Description
Background
IBM Informix is a relational database widely used in financial institutions, retail chains, and legacy enterprise systems, especially in banking core systems and point-of-sale (POS) applications.
SeaTunnel currently supports Informix via the JDBC connector (dialect-based). However, JDBC-based reading cannot provide CDC, and it cannot leverage Informix-specific capabilities (for example, fragmentation-aware reads) for better performance.
Motivation
- Legacy system integration: Informix remains mission-critical in many industries.
- Multi-table CDC: Sync multiple tables in one job to modern platforms.
- Performance: JDBC cannot utilize Informix fragmentation/parallelism effectively.
- Near real-time: CDC is required for timely analytics and replication.

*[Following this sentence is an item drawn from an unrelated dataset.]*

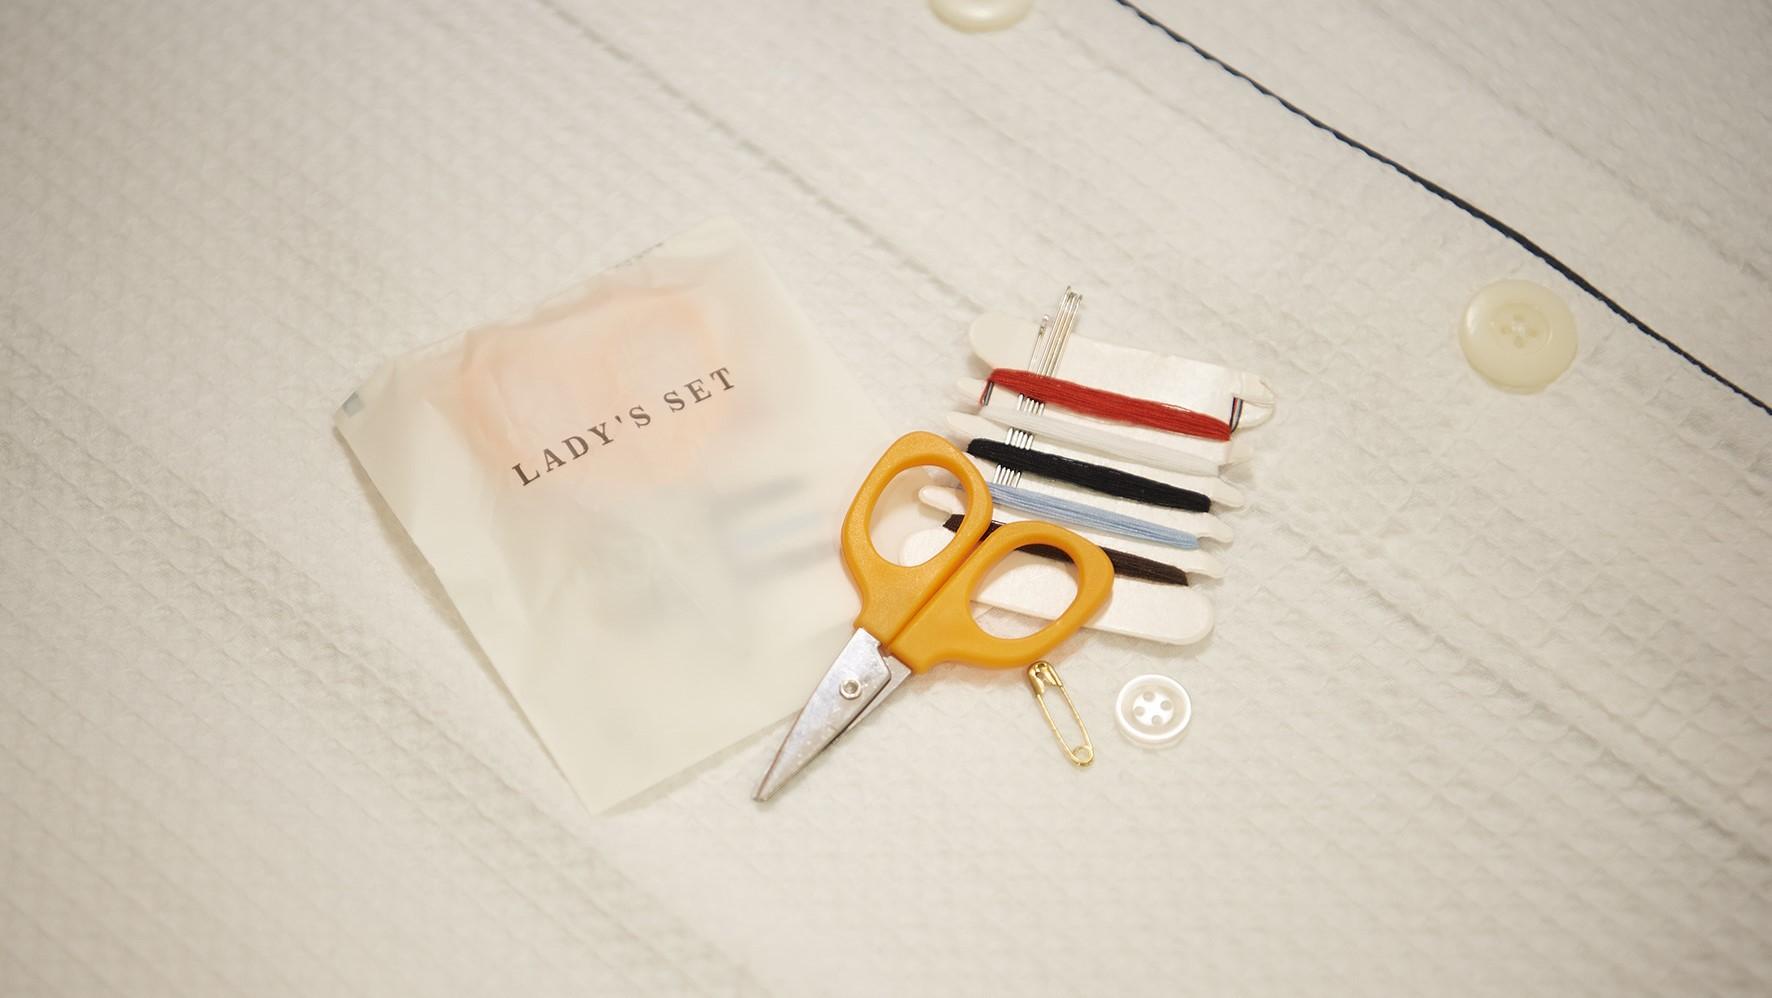 ソーイングセット/Sewing tools

Current Status vs. Proposed Enhancement
| Feature | Current (JDBC Connector) | Proposed (Informix-CDC Source) |
|---|---|---|
| Read | Snapshot | Snapshot + CDC |
| CDC | No | Yes (API / log / trigger based) |
| Multi-Table | Limited (depends on connector) | Yes (CDC multi-table patterns) |
| Optimizations | Generic | Informix-aware (when available) |
| Data Types | Basic (limited) | SERIAL8, LVARCHAR, Smart LOBs |
Proposed Solution
Implement a dedicated Informix-CDC Source connector.
Why not table_list?
For CDC connectors in SeaTunnel, multi-table selection and per-table overrides are typically done via:
table-names/table-pattern(choose tables)table-names-config(per-table overrides such as custom PK and snapshot split column)
This is already established in MySQL-CDC and the shared CDC base config model. Using table_list here would introduce a third multi-table style and create confusion around parameter naming (for example primary_keys vs primaryKeys).
If we need a batch-style multi-table snapshot/incremental reader for Informix, it should continue to align with JDBC Source and use table_list there (separate from this CDC connector).
Goals
- Align with existing CDC connector configuration patterns (
table-names,table-pattern,table-names-config). - Support snapshot + CDC with clear offset/checkpoint semantics.
- Improve read performance with Informix-specific optimizations when possible.
Non-goals (for the initial version)
- Cover every Informix edition-specific CDC feature in one release.
- Replace JDBC Source for batch reads.
Core Features
-
Multi-Table Support (CDC-style)
- Use
table-namesfor explicit table lists. - Use
table-patternfor regex-based table selection. - Use
table-names-configfor per-table overrides (for exampleprimaryKeys,snapshotSplitColumn).
- Use
-
Change Data Capture (CDC)
- Option A: CDC API (Enterprise Edition), preferred for low latency.
- Option B: Log-based CDC (logical logs), for Standard Edition if feasible.
- Option C: Trigger-based CDC as a fallback.
-
Type Mapping
- Support Informix-specific types (for example, SERIAL8, LVARCHAR, Smart LOBs) beyond basic JDBC mappings.
-
Performance Tuning
- Fragmentation-aware and parallel reads where applicable.
- Standard connector tuning parameters such as
fetch_size.
Configuration Examples
CDC (Multi-Table, table-names + table-names-config)
env {
parallelism = 4
checkpoint.interval = 5000
}
source {
Informix-CDC {
# Connection
url = "jdbc:informix-sqli://informix-server.example.com:9088/stores_demo:INFORMIXSERVER=ol_informix"
username = "informix"
password = "******"
# Multi-table selection
table-names = ["stores_demo.customer", "stores_demo.orders", "stores_demo.items"]
# Per-table overrides (custom PK / snapshot split column)
table-names-config = [
{
table = "stores_demo.customer"
primaryKeys = ["customer_num"]
snapshotSplitColumn = "customer_num"
},
{
table = "stores_demo.orders"
primaryKeys = ["order_num"]
snapshotSplitColumn = "order_num"
}
]
# Startup mode (example naming; align with existing CDC connectors)
startup.mode = "initial"
fetch_size = 1000
}
}
sink {
Console {}
}
CDC (Regex-based multi-table via table-pattern)
source {
Informix-CDC {
# Connection omitted (same as above)
table-pattern = "stores_demo\\..*"
startup.mode = "initial"
}
}
Technical Considerations
- Configuration alignment: Follow existing CDC connector patterns and the CDC base config model.
- Table discovery: Use a stable table identifier (for example
TableId) to matchtable-names-configentries reliably. - Snapshot split strategy: Use
snapshotSplitColumnand align split semantics with CDC base.